Give them one warning if you feel like it, then caution. If he's stupid enough to carry on then he goes.
The second one can be argued a yellow, especially if he's thrown his hands up. I'd not do much otherwise but the hands in the air is a visual sign of dissent. If you let one get away with it, they'll all try it.
I infrequently do Sunday morning games, but have done a few this season. I had a game with a player much like the OP.
Quiet word with him after 4 minutes as he's already arguing 2 straightforward decisions.
After 7 minutes he does it again so I have him in with the captain and give him the clear and loud talking to, to which his captain tells him to "shut the f**k up and get on with his game."
13 minutes in to the match, off he goes again, I have him straight over and in the book.
Not one peep from him or the rest of either team for the remainder of the game. At the end of the match both captains and managers came up to me and thanked me telling me it was one of the most enjoyable games they've had this season.
It is a really difficult balancing act. On the one hand, if you ignore it, or don't sanction effectively, it becomes like a plague spreading to the other players and before long you have potential for there to be more than one "problem player." On the other hand if you go for the sanction early, then you have to be consistent and follow it up if other players are doing the same and you can end up with a whole load of cards.

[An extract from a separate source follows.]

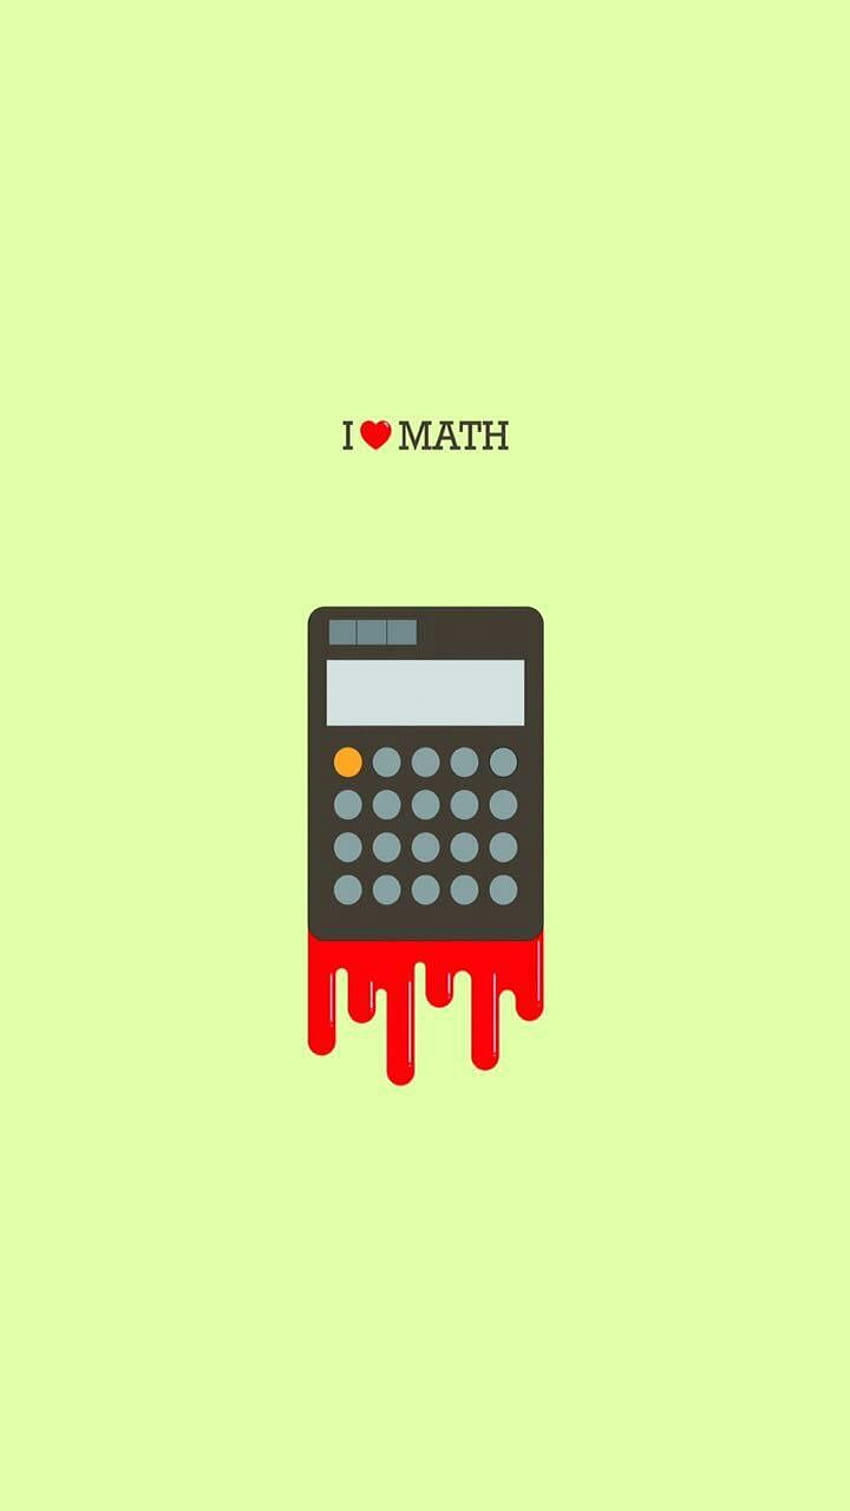 The image of a calculator with blood on it - Math

I do use the public warning with players, I make sure I speak to them in a loud enough voice that others can hear what i'm saying so its clear what I will and won't stand for. That way its no great surprise to anyone if you then get a card out for a subsequent offence.
I look at it much you like deal with children, you have to be consistently clear on where the boundaries are and then not be afraid to take appropriate action when they overstep.